[Opening The records section]

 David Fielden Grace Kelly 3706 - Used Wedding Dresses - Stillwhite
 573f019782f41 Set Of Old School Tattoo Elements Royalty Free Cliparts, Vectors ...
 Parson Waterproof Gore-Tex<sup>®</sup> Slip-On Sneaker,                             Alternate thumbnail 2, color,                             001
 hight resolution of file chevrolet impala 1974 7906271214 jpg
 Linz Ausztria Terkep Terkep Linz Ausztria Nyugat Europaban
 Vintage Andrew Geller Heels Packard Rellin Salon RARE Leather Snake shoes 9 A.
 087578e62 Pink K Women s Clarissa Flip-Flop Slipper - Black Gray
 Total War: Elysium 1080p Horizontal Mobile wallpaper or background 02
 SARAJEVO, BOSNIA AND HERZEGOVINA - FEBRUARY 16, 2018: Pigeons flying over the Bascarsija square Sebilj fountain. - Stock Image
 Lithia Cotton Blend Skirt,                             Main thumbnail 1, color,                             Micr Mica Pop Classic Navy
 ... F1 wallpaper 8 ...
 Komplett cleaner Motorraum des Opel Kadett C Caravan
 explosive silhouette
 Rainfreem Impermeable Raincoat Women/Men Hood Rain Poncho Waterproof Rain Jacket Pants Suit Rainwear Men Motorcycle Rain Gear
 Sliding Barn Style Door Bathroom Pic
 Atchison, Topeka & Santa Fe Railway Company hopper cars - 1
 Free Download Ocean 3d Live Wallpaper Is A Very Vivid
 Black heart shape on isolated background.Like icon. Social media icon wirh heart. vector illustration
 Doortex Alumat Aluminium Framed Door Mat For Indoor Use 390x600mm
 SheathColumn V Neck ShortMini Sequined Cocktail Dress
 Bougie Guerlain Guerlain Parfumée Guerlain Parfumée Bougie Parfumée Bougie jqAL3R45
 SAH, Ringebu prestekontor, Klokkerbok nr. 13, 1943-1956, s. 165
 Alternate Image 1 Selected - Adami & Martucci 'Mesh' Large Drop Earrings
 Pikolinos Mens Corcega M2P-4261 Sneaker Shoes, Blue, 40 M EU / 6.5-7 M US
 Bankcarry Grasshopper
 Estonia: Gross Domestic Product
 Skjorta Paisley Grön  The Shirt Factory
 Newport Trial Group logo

[Closing The records section]

● **Work request**
Lines before the one containing "SARAJEVO, BOSNIA AND" are left out. Repeat that line and all lines after it in the records above exactly.

● **Written response**
 SARAJEVO, BOSNIA AND HERZEGOVINA - FEBRUARY 16, 2018: Pigeons flying over the Bascarsija square Sebilj fountain. - Stock Image
 Lithia Cotton Blend Skirt,                             Main thumbnail 1, color,                             Micr Mica Pop Classic Navy
 ... F1 wallpaper 8 ...
 Komplett cleaner Motorraum des Opel Kadett C Caravan
 explosive silhouette
 Rainfreem Impermeable Raincoat Women/Men Hood Rain Poncho Waterproof Rain Jacket Pants Suit Rainwear Men Motorcycle Rain Gear
 Sliding Barn Style Door Bathroom Pic
 Atchison, Topeka & Santa Fe Railway Company hopper cars - 1
 Free Download Ocean 3d Live Wallpaper Is A Very Vivid
 Black heart shape on isolated background.Like icon. Social media icon wirh heart. vector illustration
 Doortex Alumat Aluminium Framed Door Mat For Indoor Use 390x600mm
 SheathColumn V Neck ShortMini Sequined Cocktail Dress
 Bougie Guerlain Guerlain Parfumée Guerlain Parfumée Bougie Parfumée Bougie jqAL3R45
 SAH, Ringebu prestekontor, Klokkerbok nr. 13, 1943-1956, s. 165
 Alternate Image 1 Selected - Adami & Martucci 'Mesh' Large Drop Earrings
 Pikolinos Mens Corcega M2P-4261 Sneaker Shoes, Blue, 40 M EU / 6.5-7 M US
 Bankcarry Grasshopper
 Estonia: Gross Domestic Product
 Skjorta Paisley Grön  The Shirt Factory
 Newport Trial Group logo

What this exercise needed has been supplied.